- Born: c. 1805
- Died: after 1856
- Allegiance: Zulu Kingdom
- Branch: Zulu army
- Rank: Military commander
- Commands: Forces of Mpande
- Known for: Principal military commander of King Mpande
- Conflicts: Battle of Maqongqo Battle of Ndondakusuka

= Nongalaza KaNondela =

Nongalaza KaNondela (c. 1805 – after 1856) was a Zulu warrior who was the principal military commander of King Mpande of the Zulu Kingdom.

==History==
When Mpande was chieftain of the Nyandwini clan, Nongalaza commanded his forces against the invasion by Robert Biggar and rebel Zulus, successfully destroying them at the Tugela River in 1838. In 1840, Mpande allied with the Boers and moved against his brother Dingane in a bid for the Zulu throne. Nongalaza led Mpande's main army, while Mpande took a separate route towards Dingane with a force of Boers under Andries Pretorius. Nongalaza encountered Dingane's army before the Boers arrived, and decided to attack immediately. At the Battle of Maqongqo Nongalaza crushed Dingane, and when Mpande arrived he was installed as king.

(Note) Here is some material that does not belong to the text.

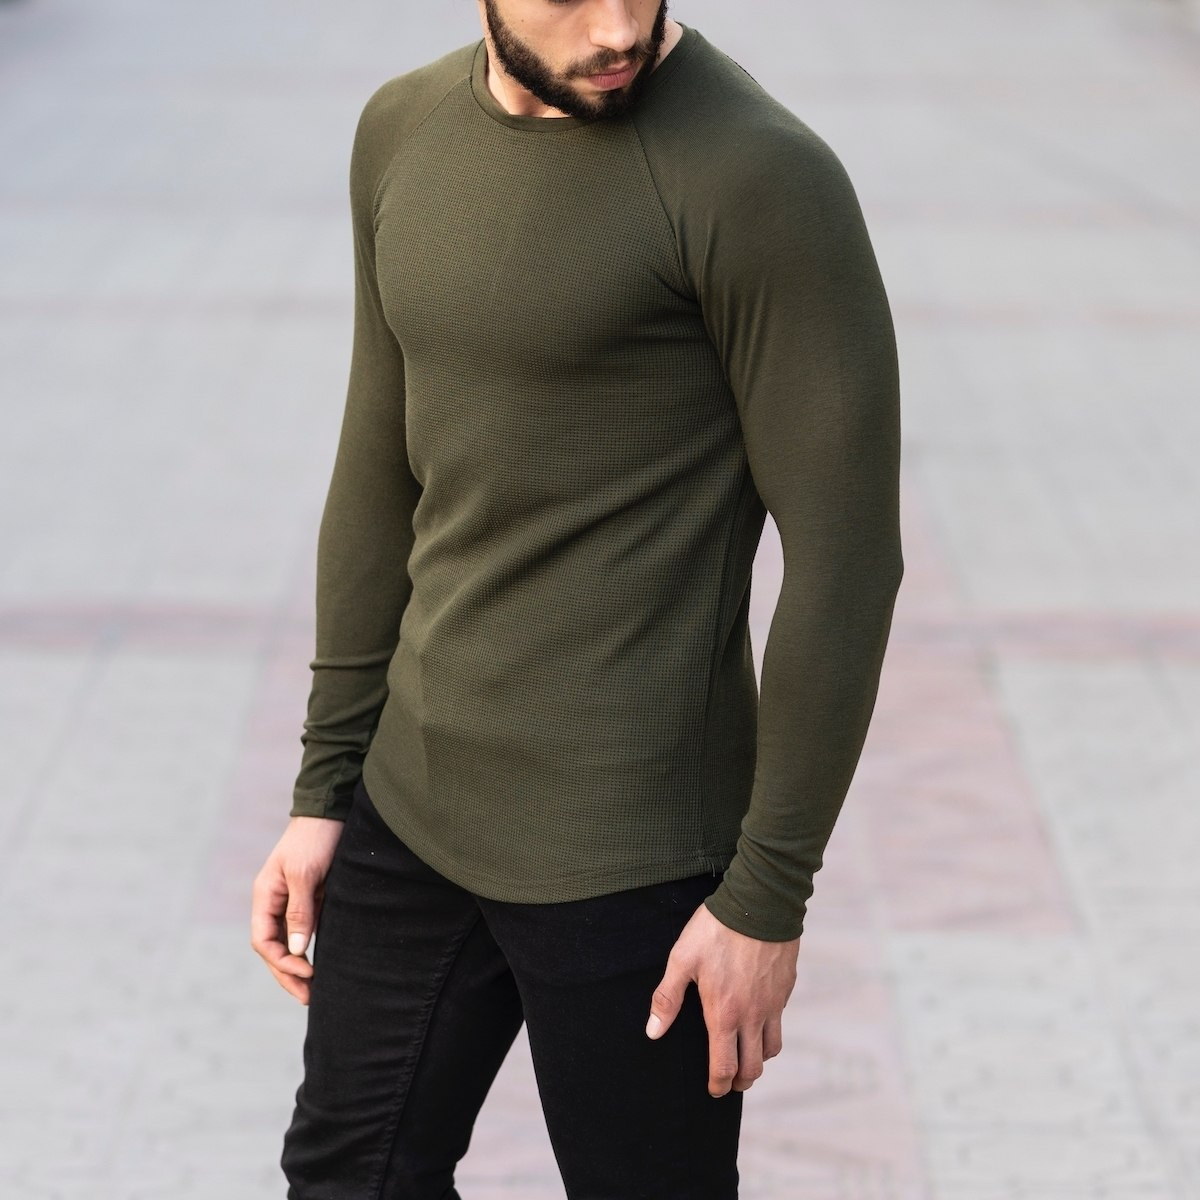 Dotwork Sweatshirt In Khahki Mv Premium Brand - 4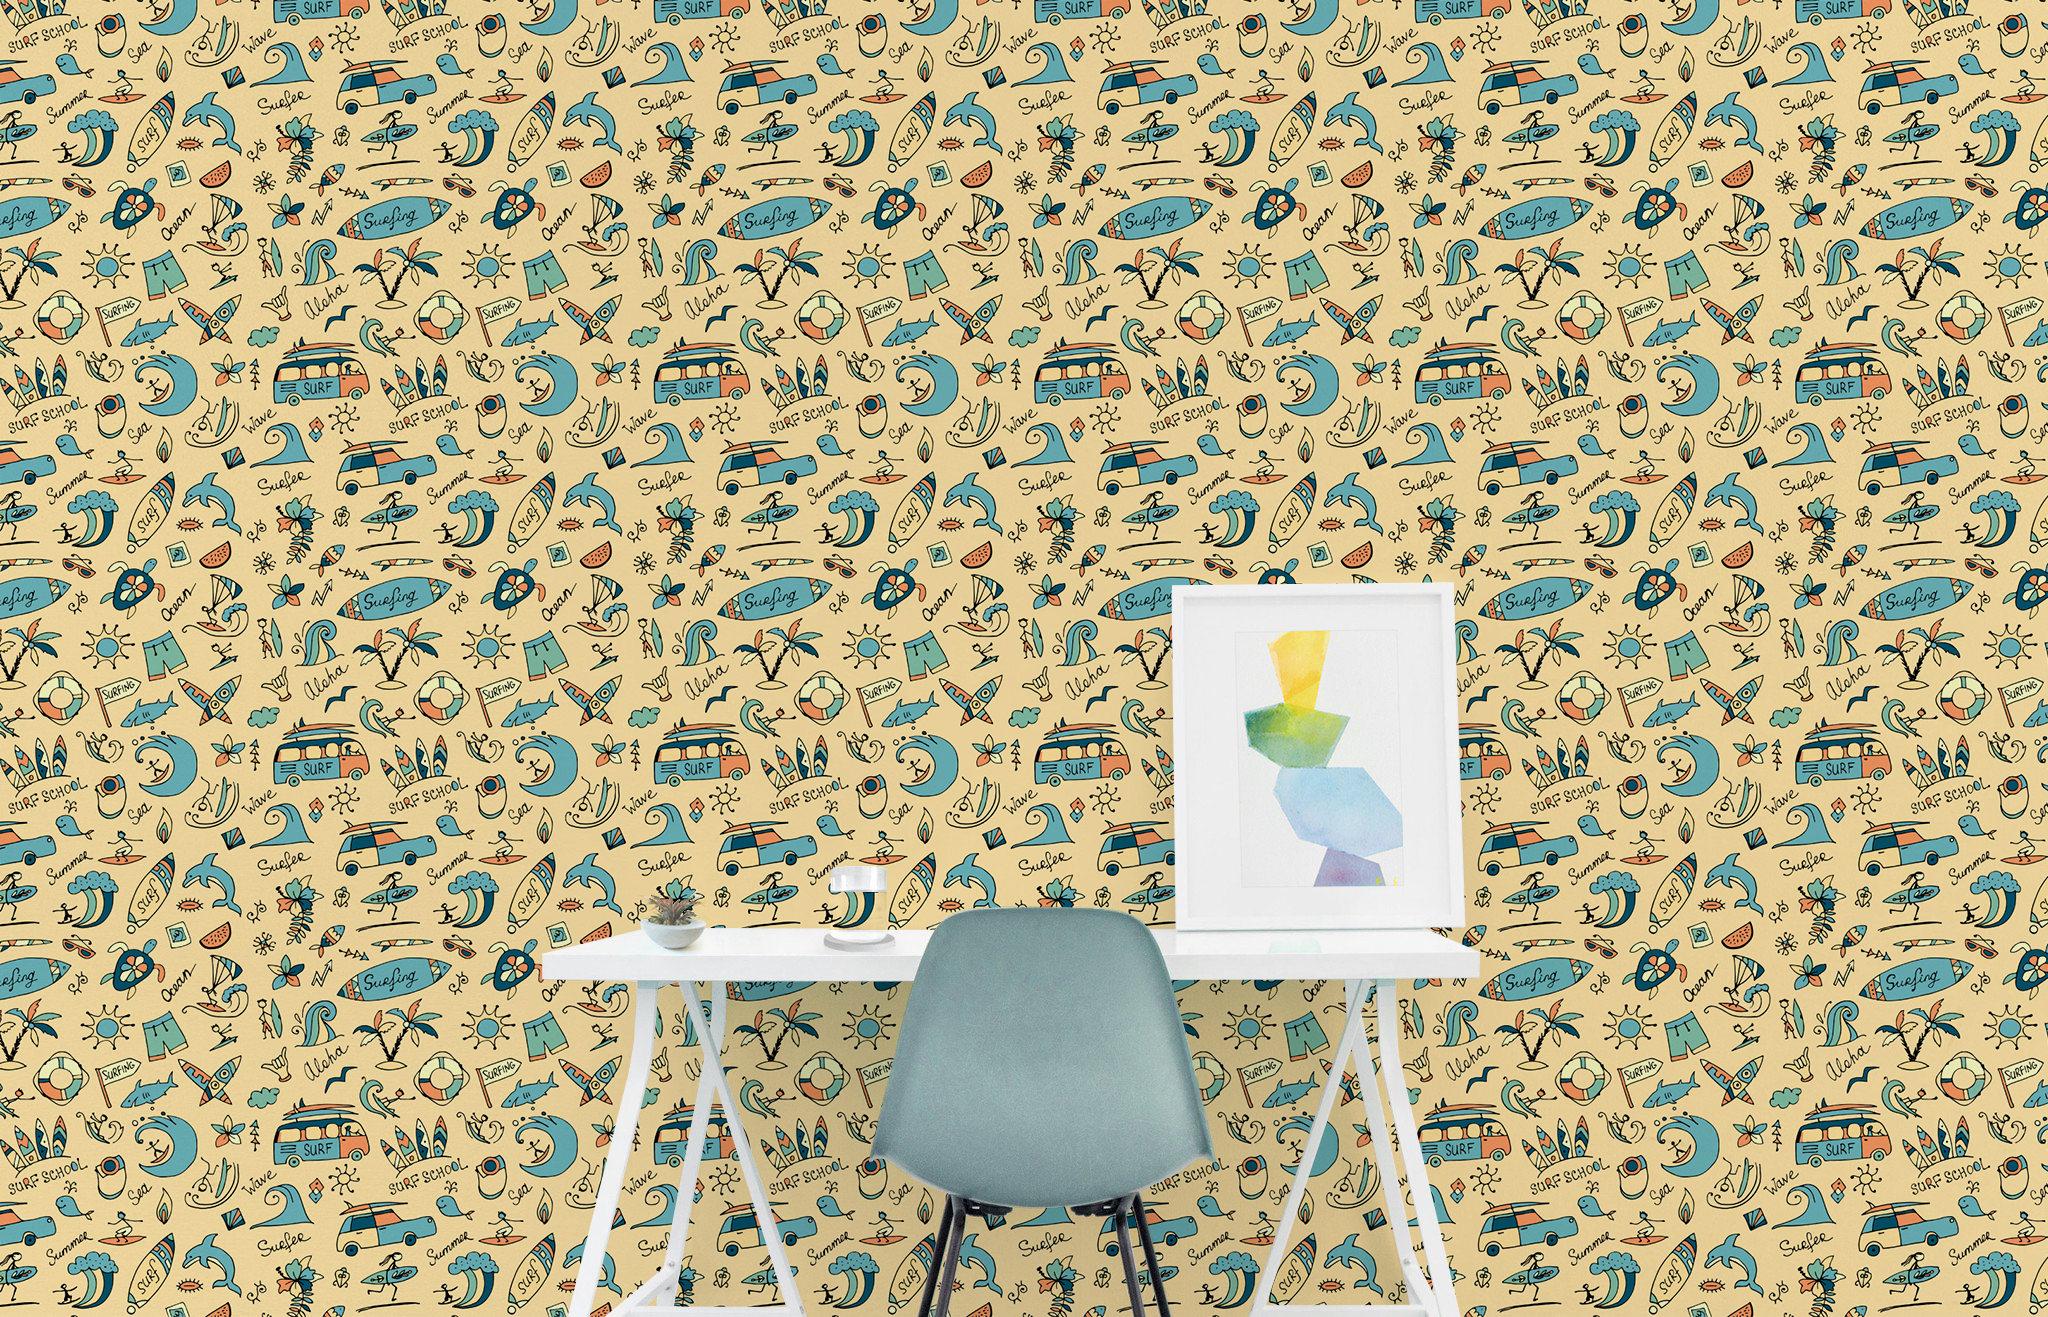 Surfer Wallpaper Nursery Wallpaper Peel and Stick Wallpaper | Etsy

Under Mpande's rule, Nongalaza continued to enjoy the king's support, and was enriched with land and cattle. The trader and hunter William Clayton Humphreys reported that Nongalaza was "exceedingly kind" to him during his trip into Zululand in 1851.

In 1856, a civil war broke out between Cetshwayo and Mbuyazi, the king's two oldest sons. Cetshwayo was supported by most of the territorial sub-chiefs, but Mpande favoured his younger son Mbuyazi. Nongalaza joined Mbuyazi. At the Battle of Ndondakusuka Mbuyazi was defeated, and Cetshwayo massacred almost all his followers, including five of his brothers. Nongalaza barely escaped by diving into the Tugela River and swimming to safety.